Back in April 2024, retail investors in Bidstack were left blindsided when the in-game advertising platform suddenly plunged into administration. To their astonishment, the firm’s core assets were almost immediately bought up by its own directors – who used them to launch an identical venture under a new legal guise in a so-called ‘phoenix rescue’.
The name Bidstack was secured as a going concern. But investors were left millions of pounds out of pocket.
It’s far from a unique story. Just months earlier, former shareholders in Yorkshire’s Black Sheep Brewery cried “daylight robbery” over a remarkably similar deal that saw the stricken company placed into administration, have large chunks of its dues to creditors written off, and then get snapped up as a going concern by new owners. Same brand, same directors, but all ties to its previous incarnation legally cut.

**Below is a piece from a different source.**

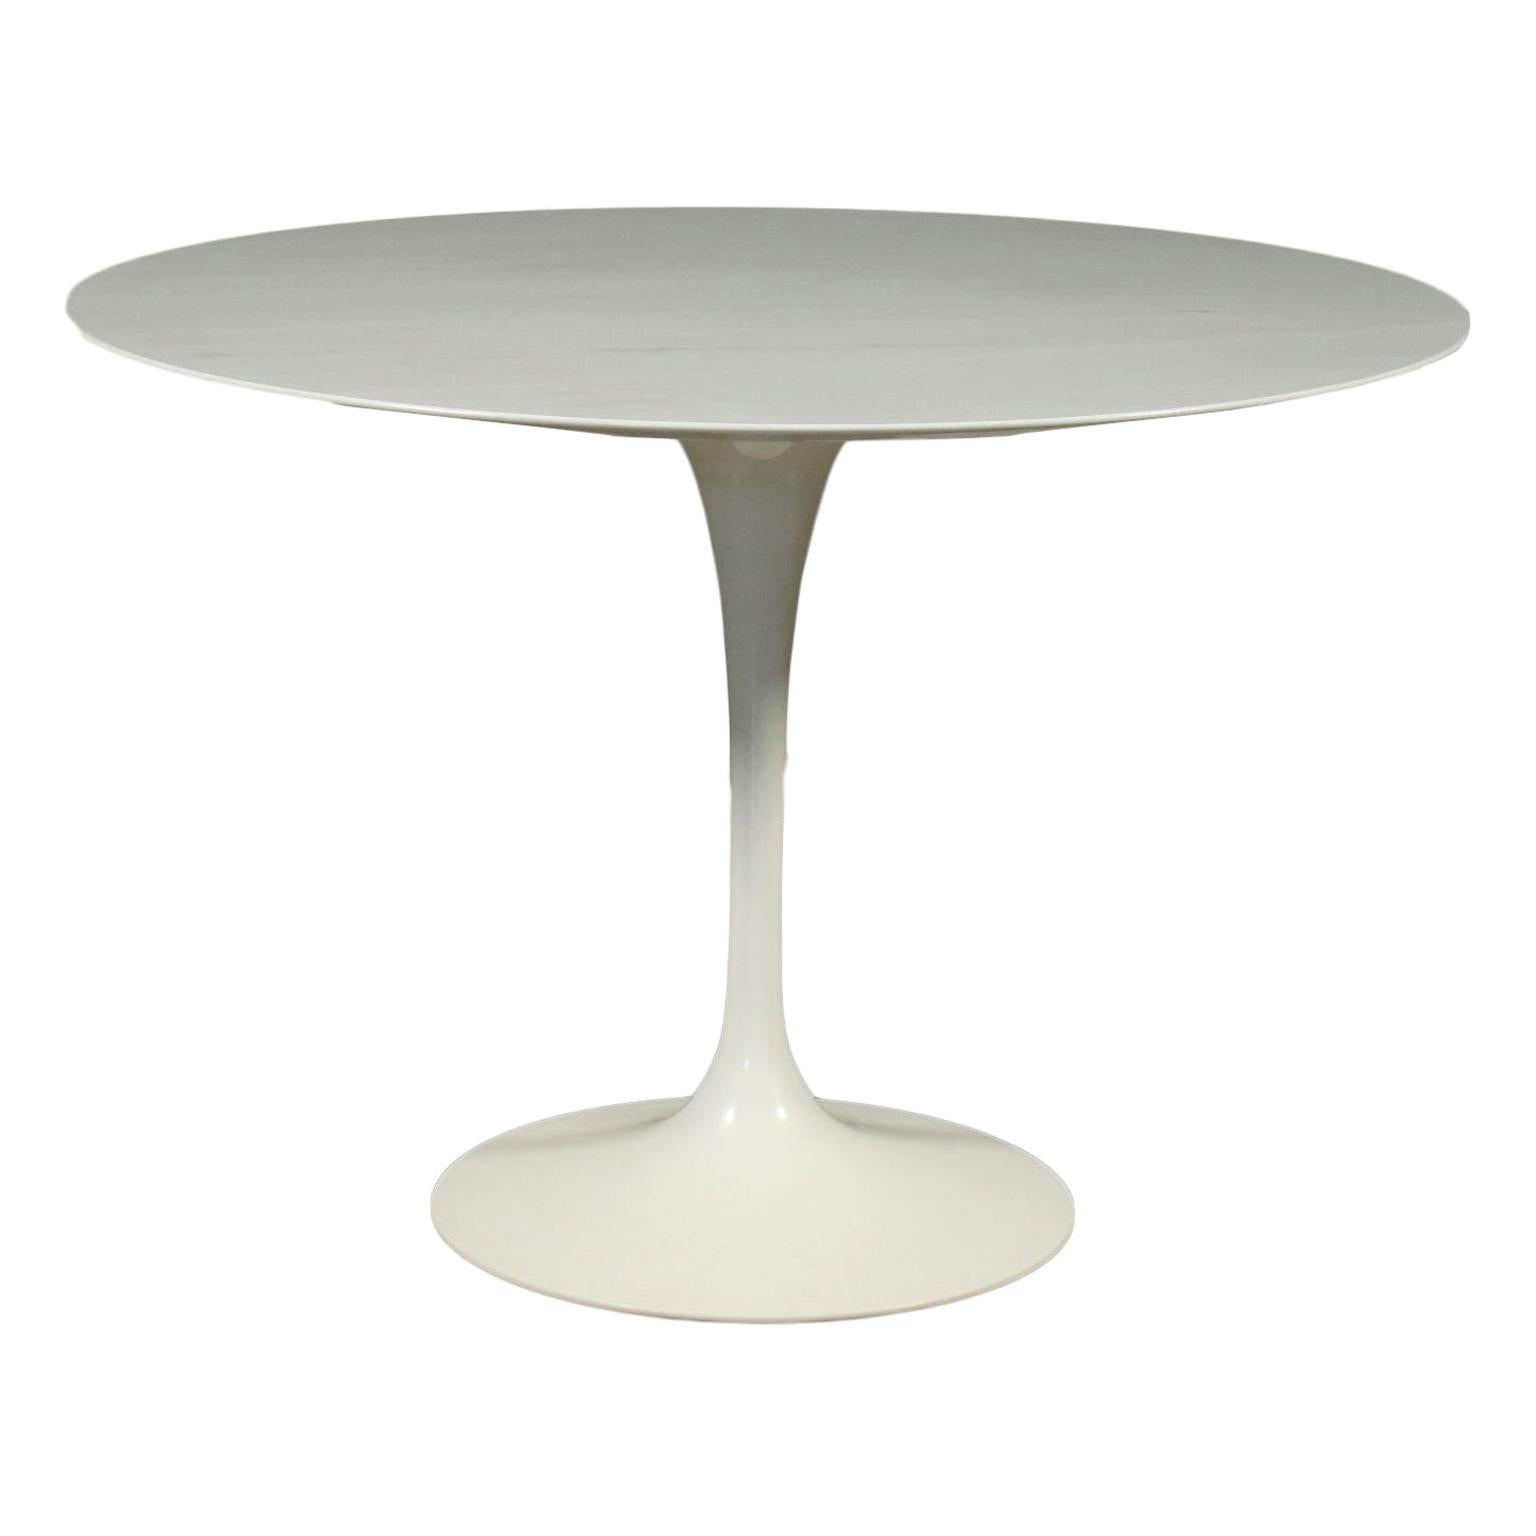 Eero Saarinen Table Lacquered Aluminium Marble 1980s 1990s

Such is the controversial world of pre-pack administrations. One of the more complicated insolvency procedures, ‘pre-packs’ take their name from the fact that the sale of an insolvent business is often arranged or ‘pre-packaged’ before the company formally enters administration. Like standard administration, control of the business legally reverts to the administrator, who is then responsible for operational and ownership decisions – including, as in the case of pre-pack deals, completing sales to new owners.
Because the sales are pre-arranged, pre-packs allow businesses to quickly ‘rise from the flames’ of insolvency – hence their nickname ‘phoenix rescues’. But the controversy stems from the fact that, as per insolvency law, the company doesn’t have to be sold as the same legal entity. The insolvent business can in effect be liquidated, and its assets – including premises, stock, brand – bought up to continue trading as a new entity, often by former directors, owners or major shareholders.
As in the case of Bidstack, Black Sheep and countless other businesses, the liquidation of the former company leaves creditors scrabbling for a share of remaining assets/sale proceeds, sometimes at a knock-down price. In the hierarchy of creditors, it is often small investors and shareholders who are left out of pocket. The ‘new’ owners, meanwhile, are free to trade without the encumbrance of previous debts.
Advocates of pre-pack administration argue that without the option for such expedited rescue processes, many more businesses facing insolvency would end up going under, leading to mass redundancies and harming the wider economy. Critics argue that it amounts to a loophole for owners to escape their debt obligations at the expense of creditors, especially smaller and unsecured creditors.
The case can be made for both sides. Here’s a summary of the pros and cons of pre-pack administration.
Pros of Pre-Pack Administration
- Speed: Having a sale pre-arranged means the process is swift, minimising the disruption to the business.
- Business Continuity: One of the primary advantages of pre-pack administration is the preservation of the business as a going concern. This means maintaining brand value and customer relationships, helping to preserve valuable assets.
- Job Retention: Another key benefit of continuity is that it helps to safeguard employment.
- Maximising Returns: While some creditors feel they miss out in some pre-pack deals, the flipside of the argument is that the quick sale of a viable business can achieve a higher price than if the business were to suffer disruption and reputational damage during a drawn-out insolvency process. This can result in a better return for creditors.
Cons of Pre-Pack Administration
- Lack of Transparency: A key criticism of pre-packs is the lack of transparency for creditors. Agreeing a sale before the administrator is appointed can leave creditors with limited opportunity to scrutinise the deal or propose alternatives. New rules introduced in 2021 were intended to boost transparency by requiring administrators to obtain an independent ‘qualifying report’ before any deal is agreed. But as noted above, grievances from creditors still occur.
- Potential for Abuse: Particularly in cases where existing owners/directors buy a business’s assets but choose to continue it as a new legal entity, critics argue that pre-packs can be used to unfairly benefit connected parties at the expense of creditors.
- Damage to Reputation: This perception of pre-packs being used as tools for rescuing failing businesses for the benefit of insiders can damage the reputation of the company and its brand.